Commercial operation: In some cases tolling or leasing arrangements may be appropriate, including where the data centre operator may not have the technical capability to operate and trade the BESS. Other, more novel approaches include revenue sharing or swaps.
Case study: Battery tolling at Supernode Data Centre
Quinbrook Infrastructure Partners is advancing its $2.5 billion Supernode project at its Brendale campus in Queensland, Australia, integrating four hyperscale data centre installations with what will be Australia's largest battery energy storage system. The BESS is being developed in three stages. In late 2024, Quinbrook entered into tolling arrangements with Origin Energy for the first two stages (520 MW/1,856 MWh) and Queensland Government-owned generator Stanwell Corporation for the third stage (250 MW/1,010 MWh). Under tolling arrangements, the BESS is "leased" to a third party to operate, maintain and earn NEM market revenue from (and pay market costs for), in exchange for fixed "rent" payments.

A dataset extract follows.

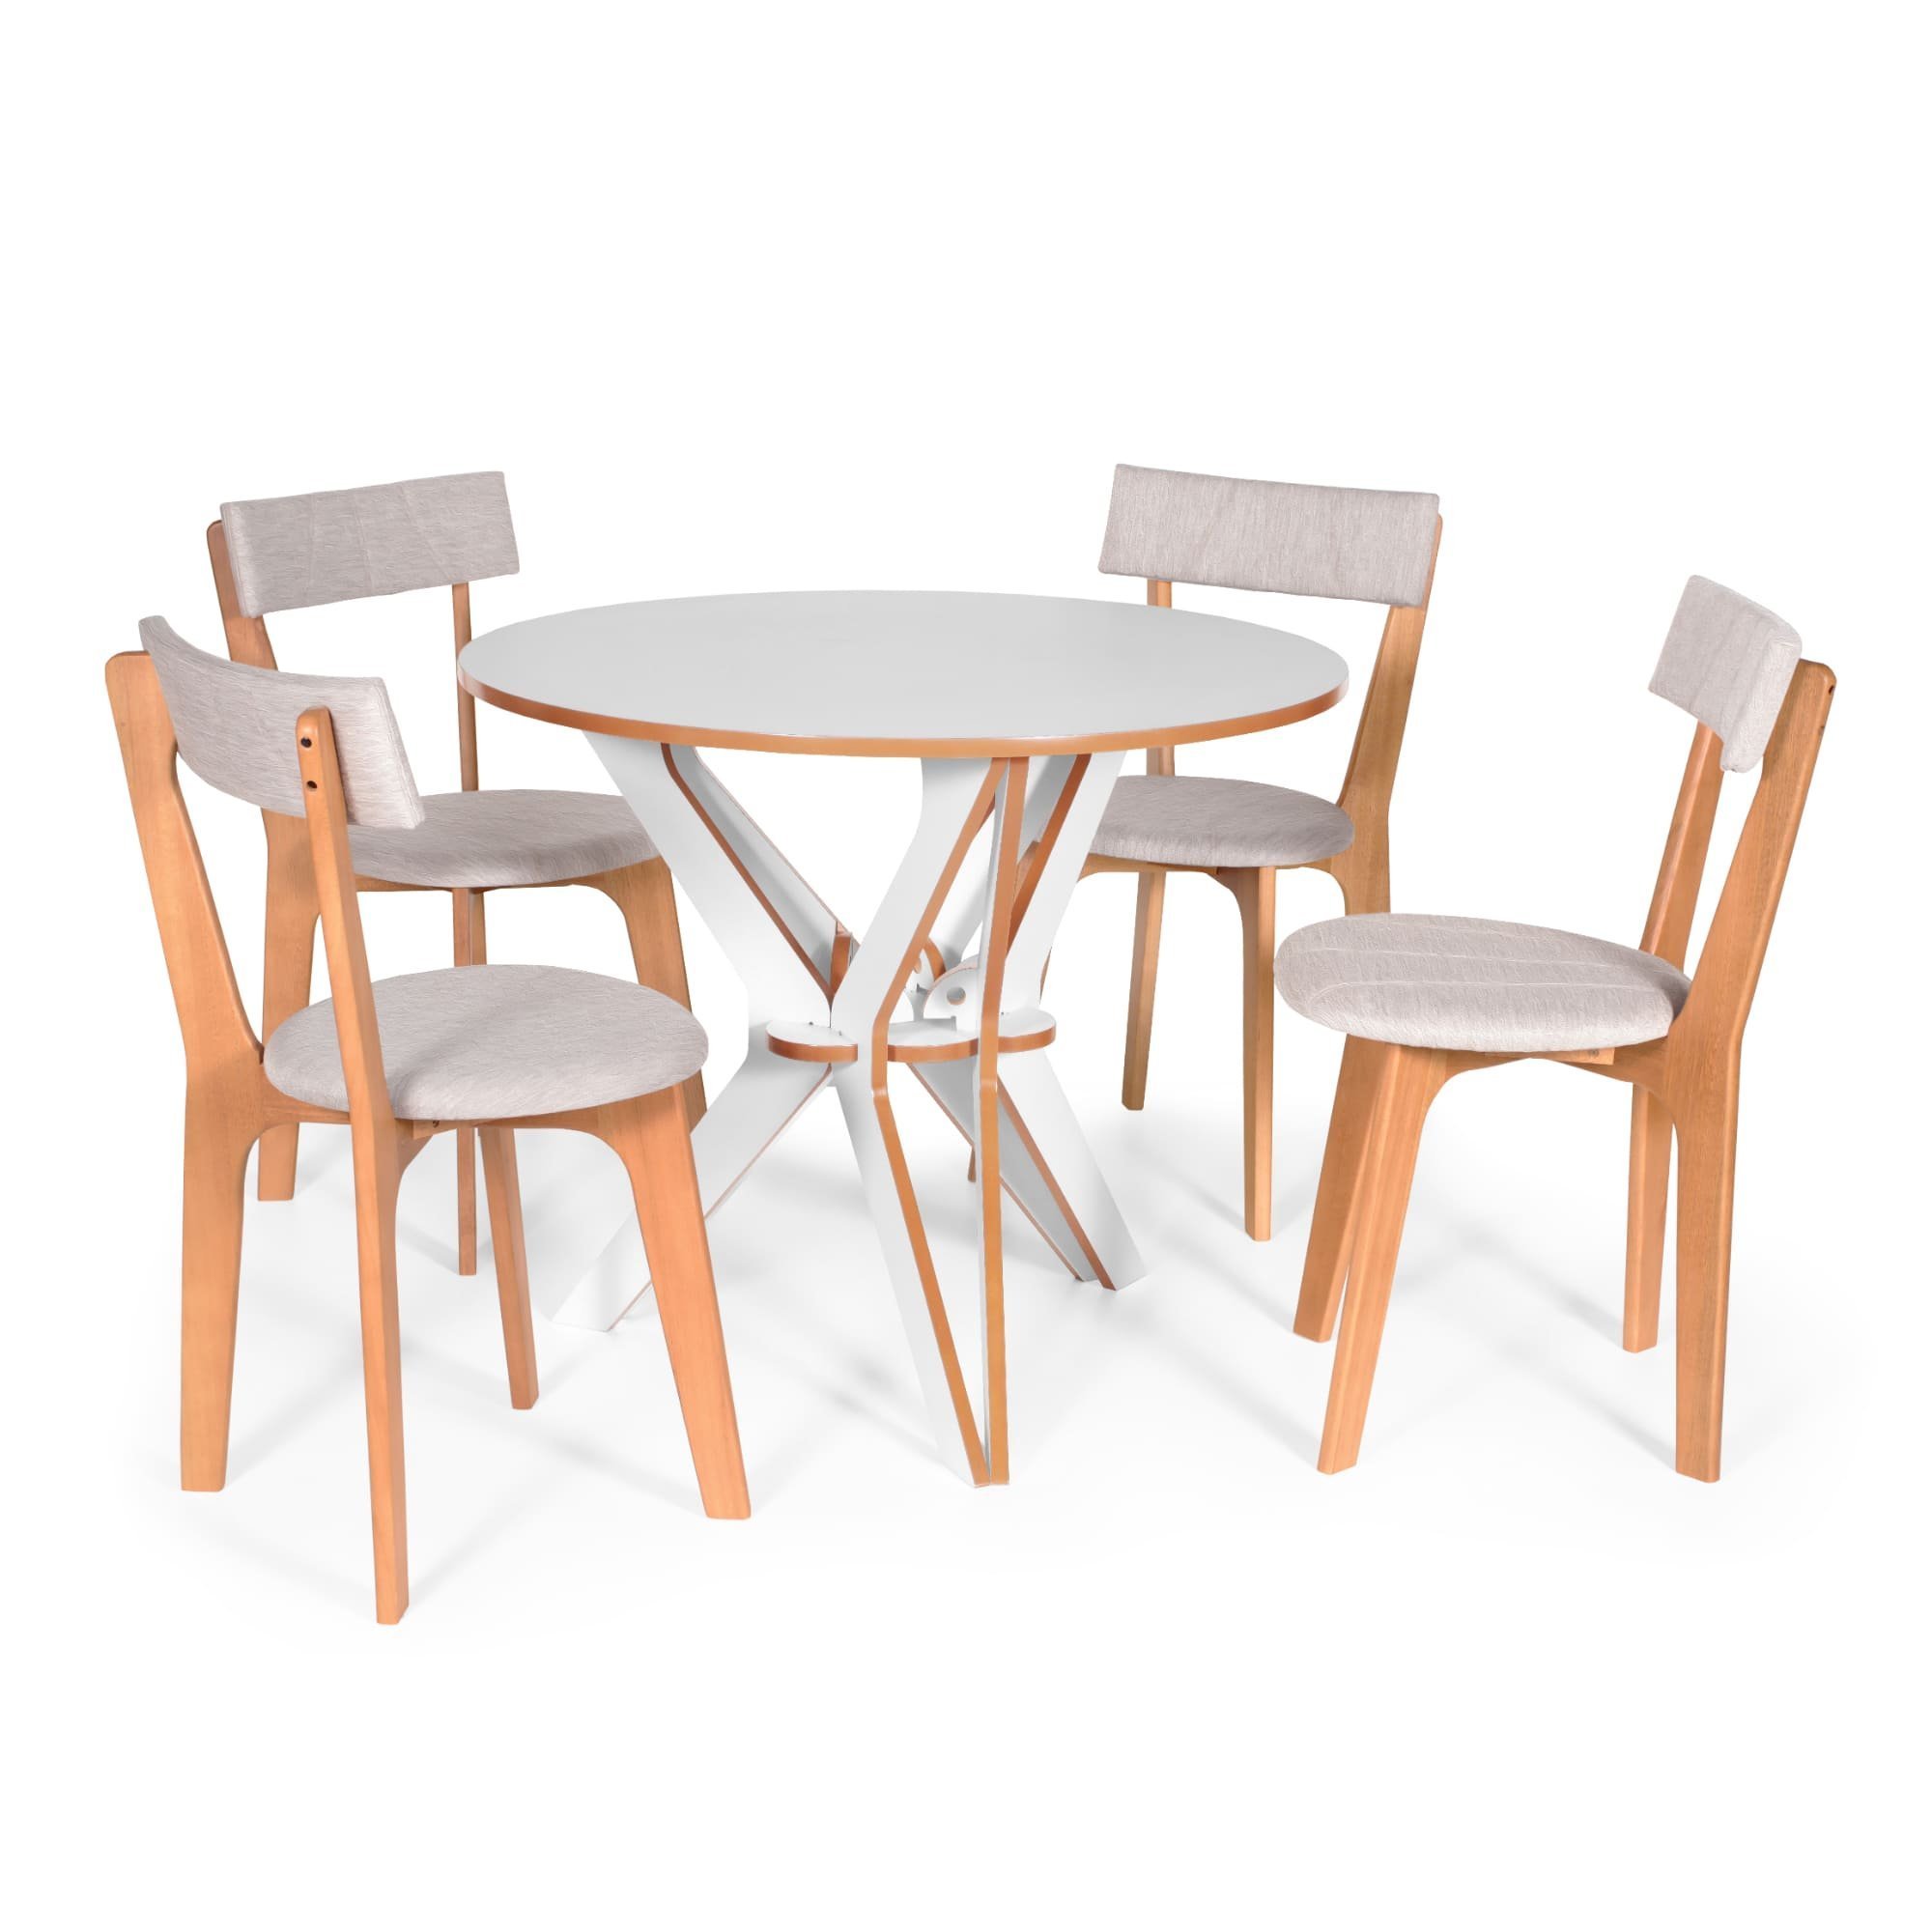 Conjunto De Mesa De Jantar Italia Com 4 Cadeiras Estofadas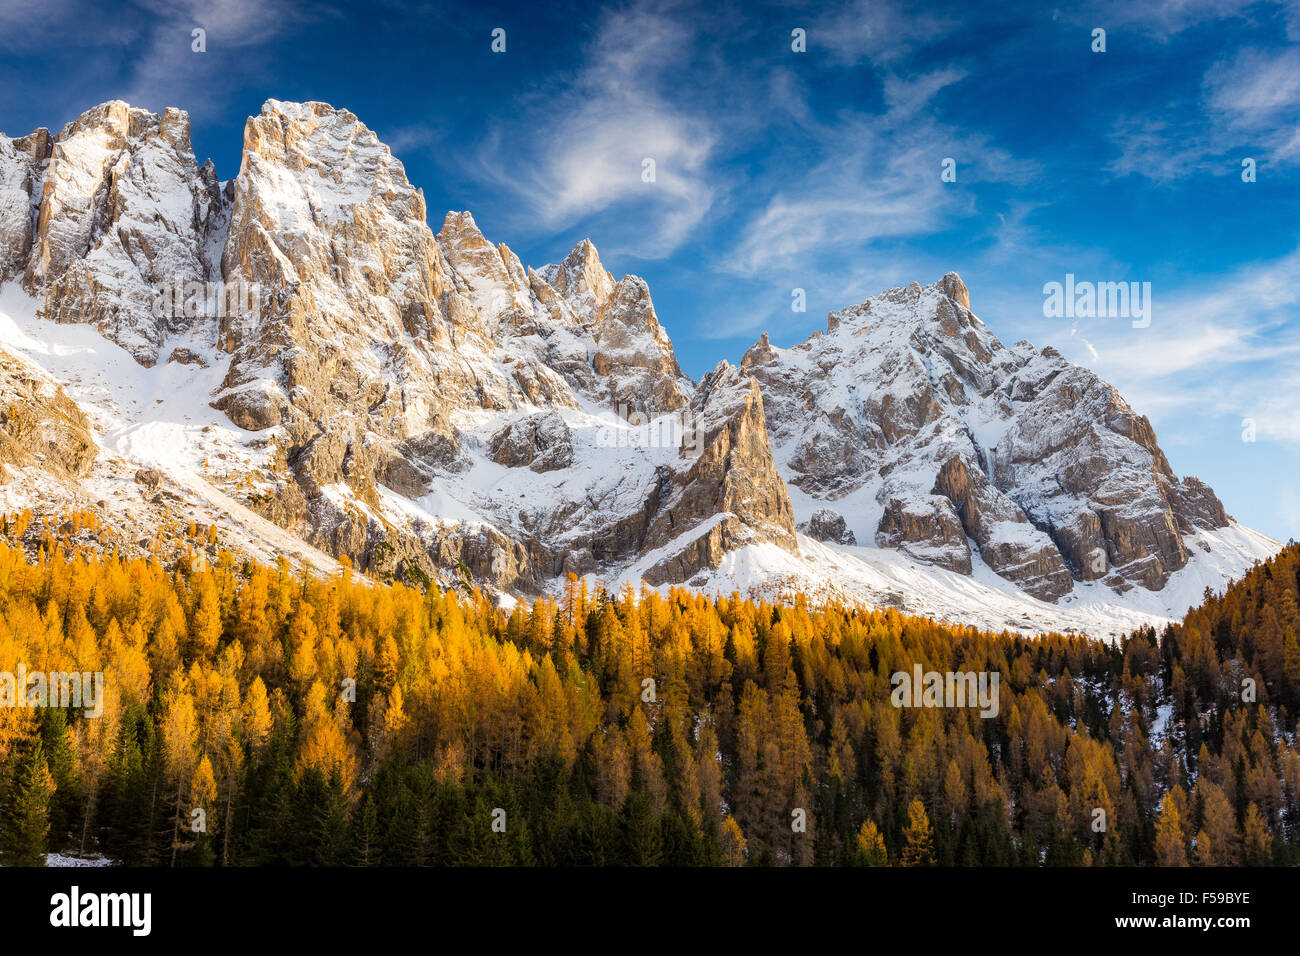 The Pale di San Martino massif in autumn. Val Venegia valley. The Dolomites of Paneveggio-Pale di San Martino Nature Park. Trentino. Italian Alps. Stock Photo

A battery owner will want to ensure a tolling agreement clearly defines operational limits, performance (incl. degradation) and a framework for identifying, assessing and resolving performance issues, including parties' roles, responsibilities and liability, in order to protect asset performance and longevity.
Growing momentum in the Australian market
Co-locating battery storage with data centres in the NEM is a strategic infrastructure move that leverages falling battery costs to unlock energy savings, operational resilience, and diverse revenue streams from market-facing services. As Australia’s energy transition accelerates alongside rising computational demand, more data centre operators and investors are likely to explore the opportunities presented by co-located battery storage.